Information shown

- - - -

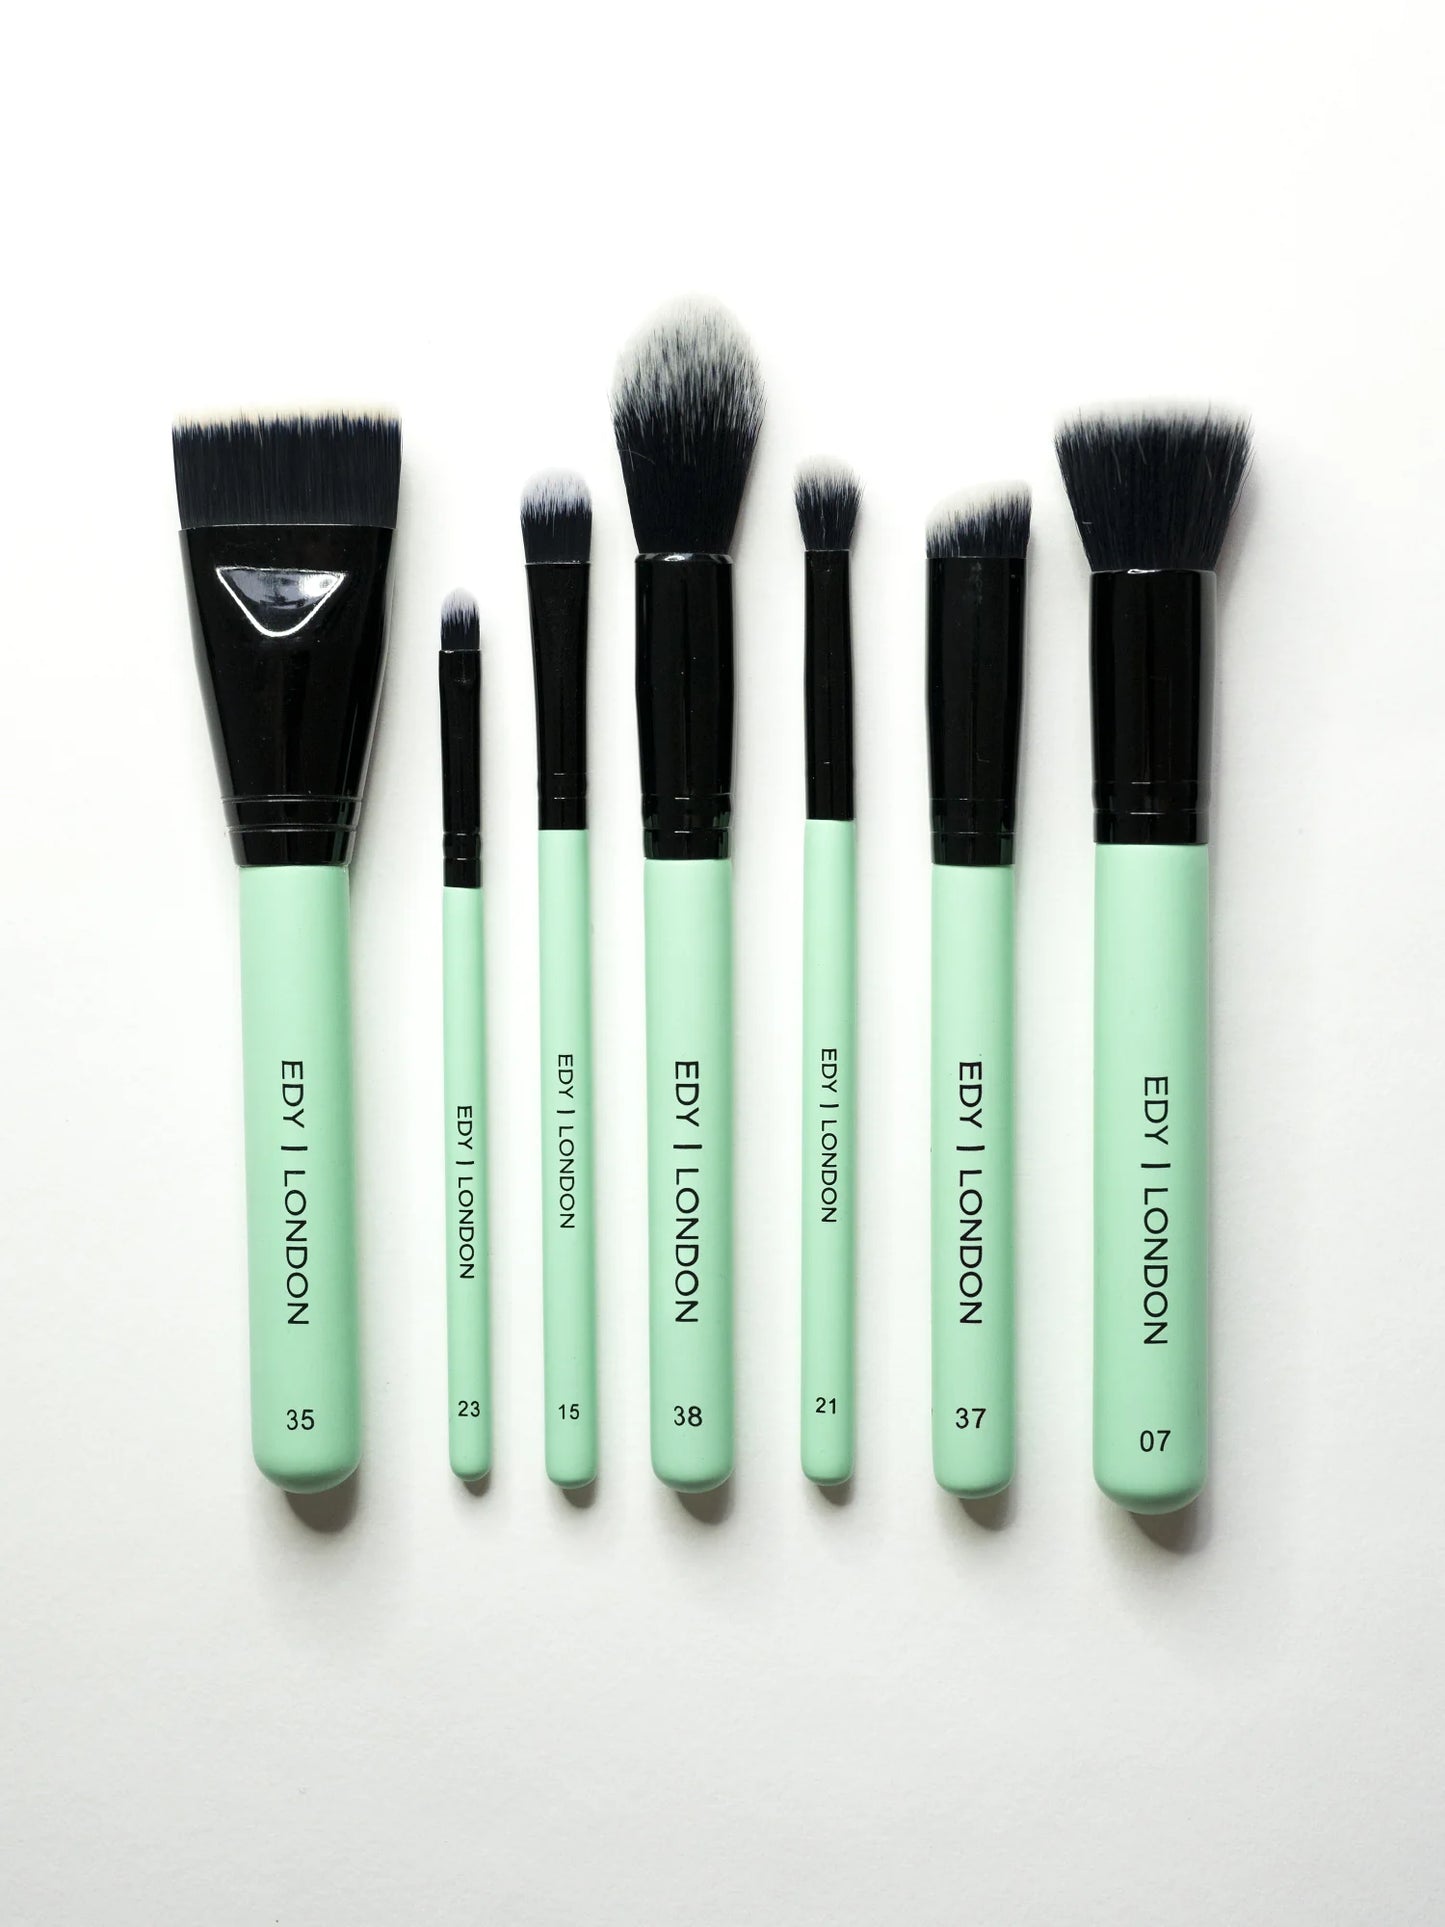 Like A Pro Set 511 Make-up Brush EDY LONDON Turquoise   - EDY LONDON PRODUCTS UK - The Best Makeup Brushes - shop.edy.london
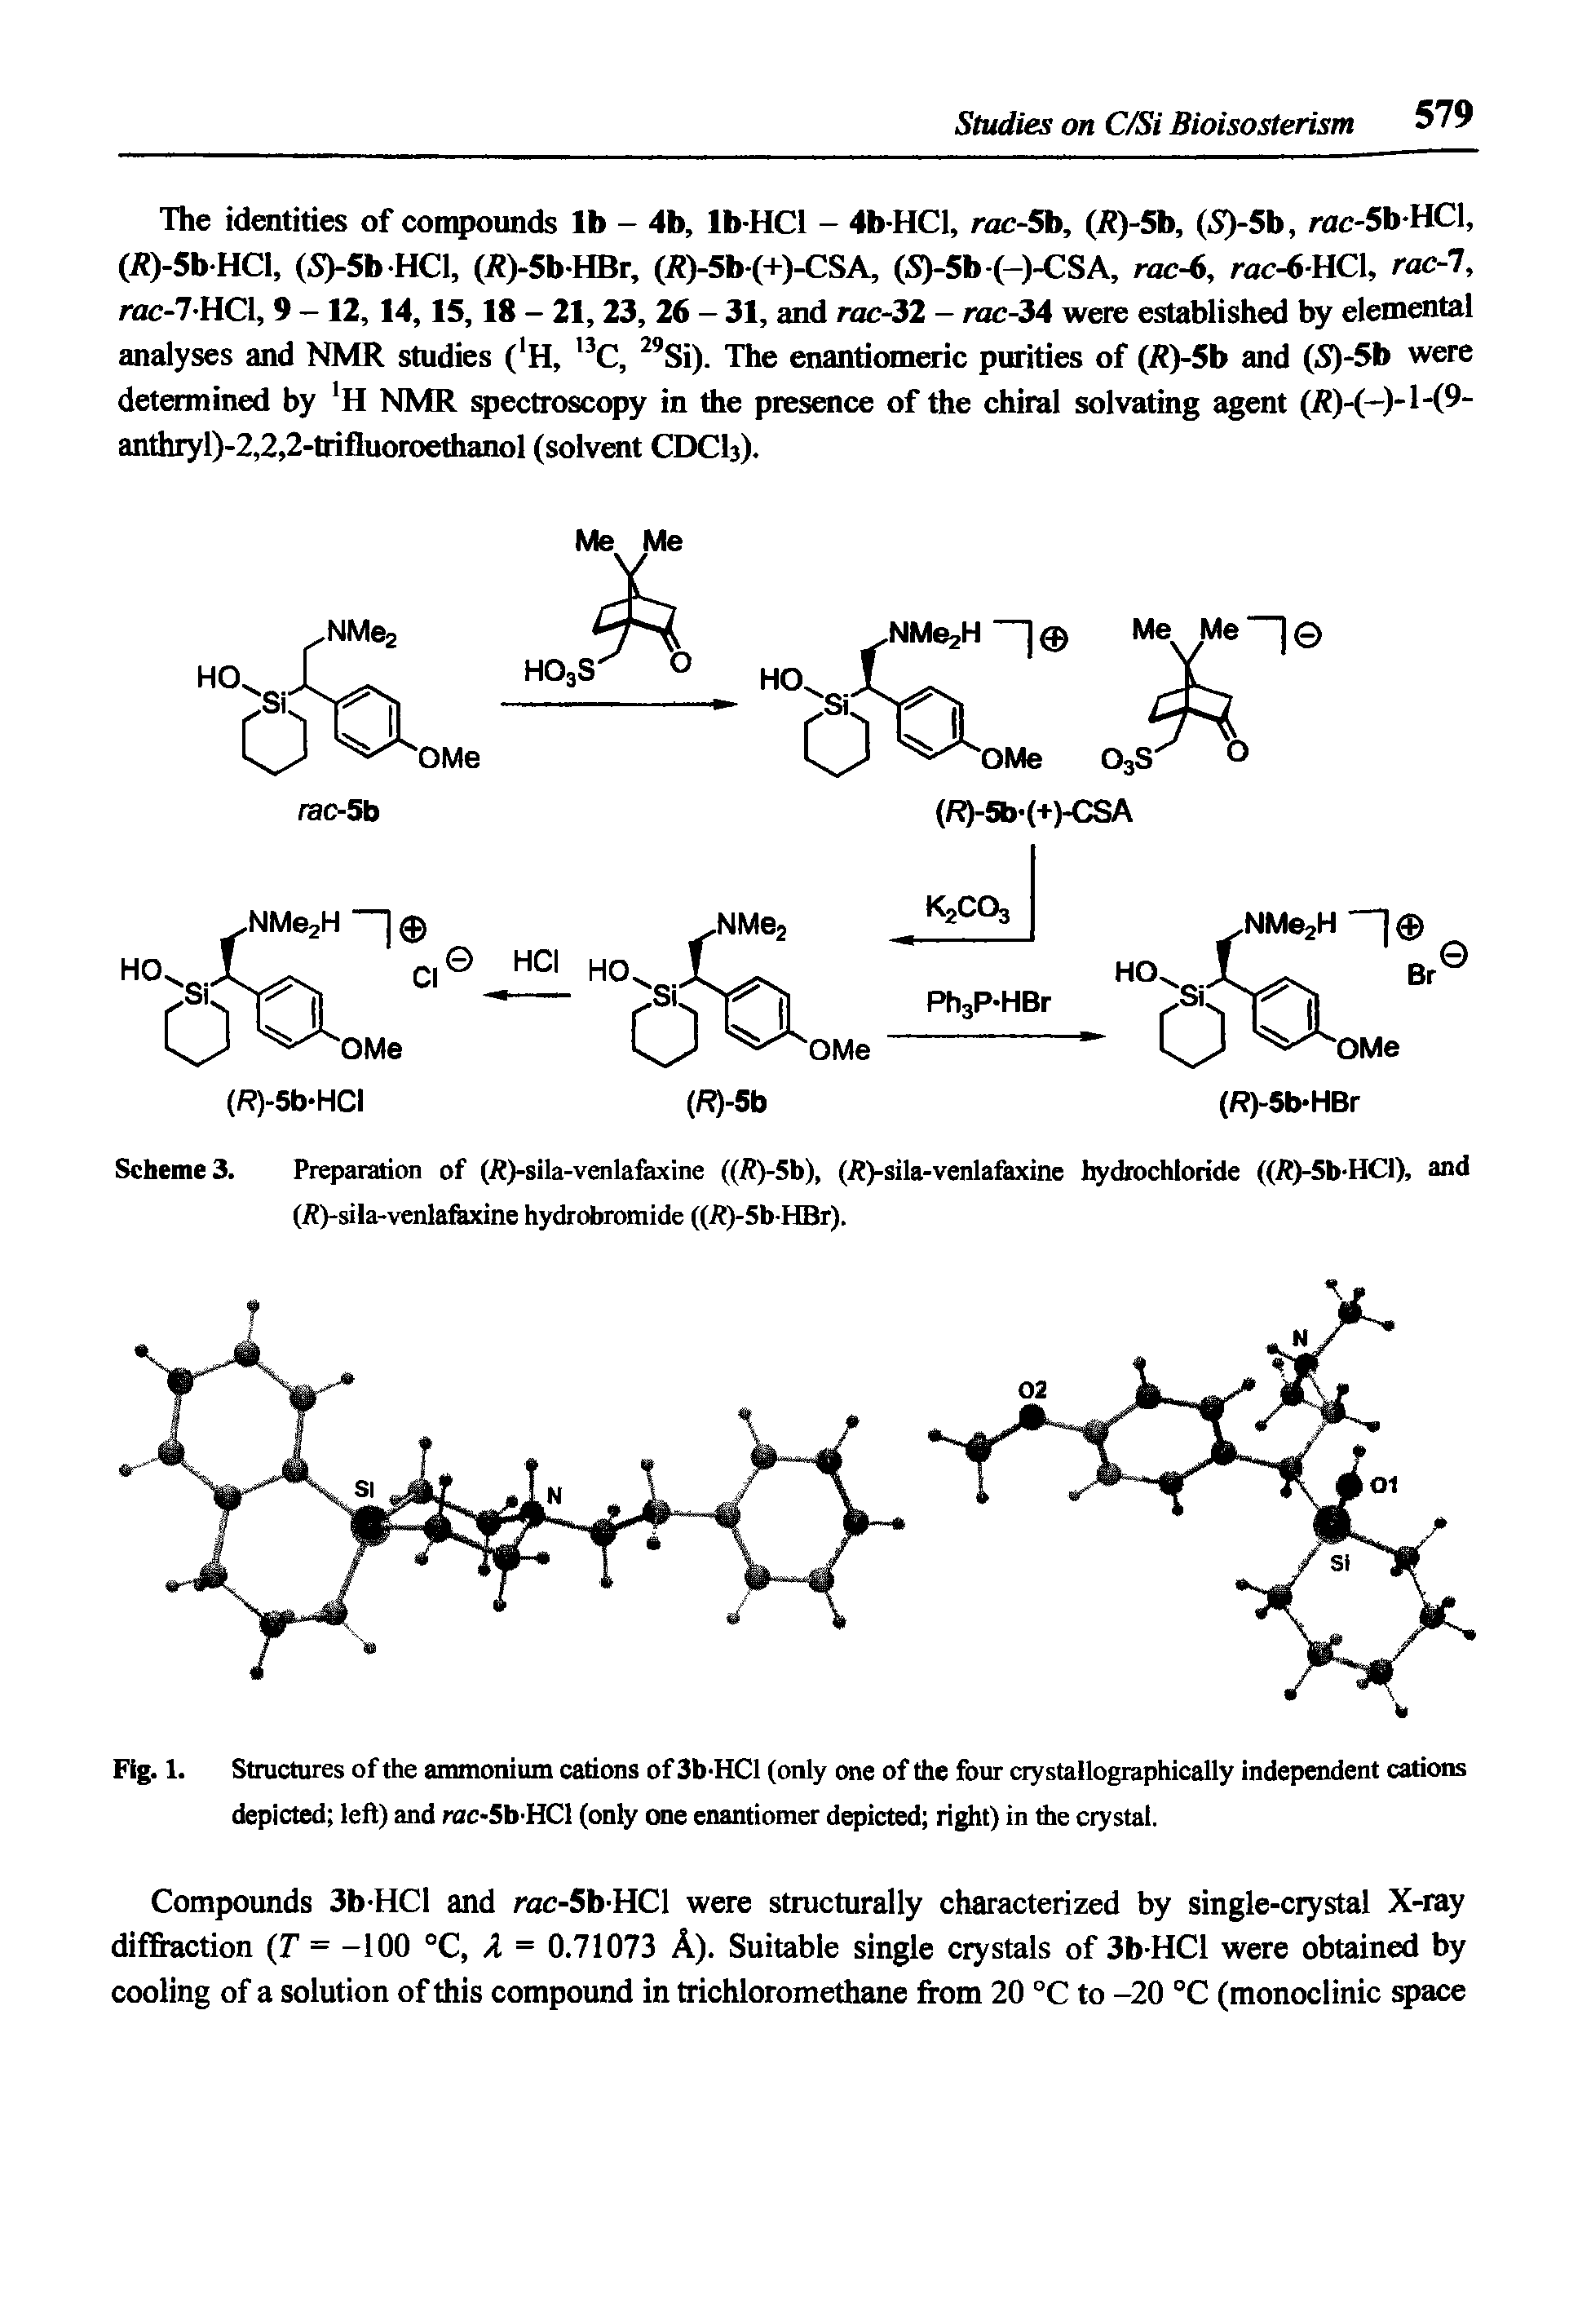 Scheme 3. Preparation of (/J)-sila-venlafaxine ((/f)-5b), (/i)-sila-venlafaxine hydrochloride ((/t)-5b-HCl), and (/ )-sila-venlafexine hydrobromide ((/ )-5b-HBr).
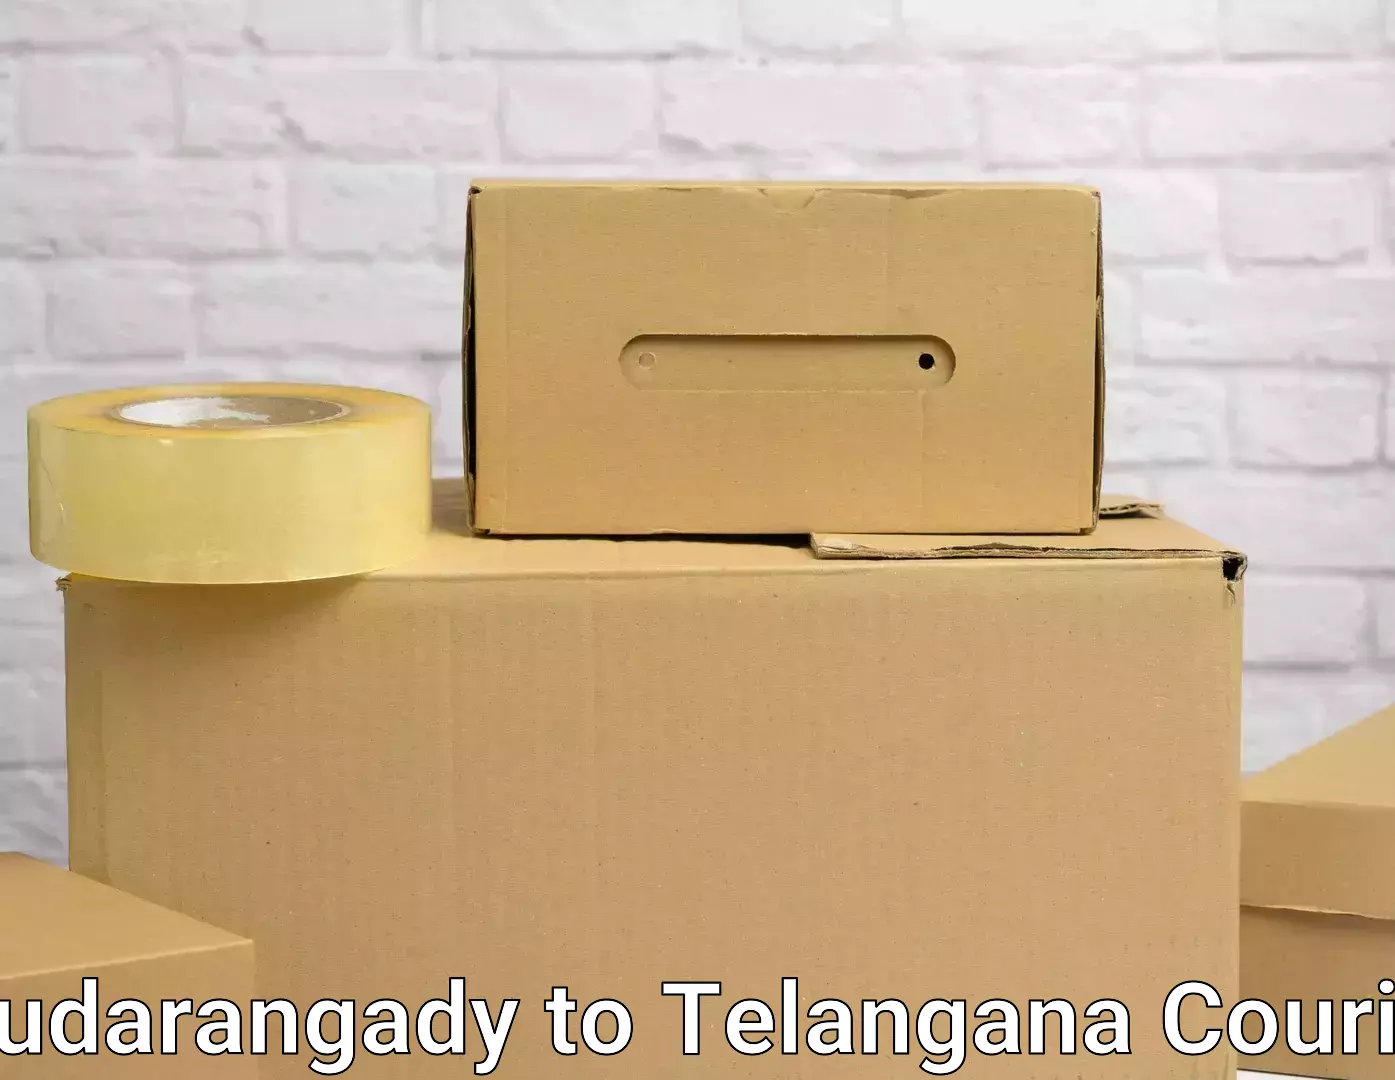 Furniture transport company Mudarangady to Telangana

- - - -

Task to carry out
Pictures do not belong in the copy; repeat the rest of the listing exactly.

Result below
 Like A Pro Set 511 Make-up Brush EDY LONDON Turquoise   - EDY LONDON PRODUCTS UK - The Best Makeup Brushes - shop.edy.london
 Scheme 3. Preparation of (/J)-sila-venlafaxine ((/f)-5b), (/i)-sila-venlafaxine hydrochloride ((/t)-5b-HCl), and (/ )-sila-venlafexine hydrobromide ((/ )-5b-HBr).
 Furniture transport company Mudarangady to Telangana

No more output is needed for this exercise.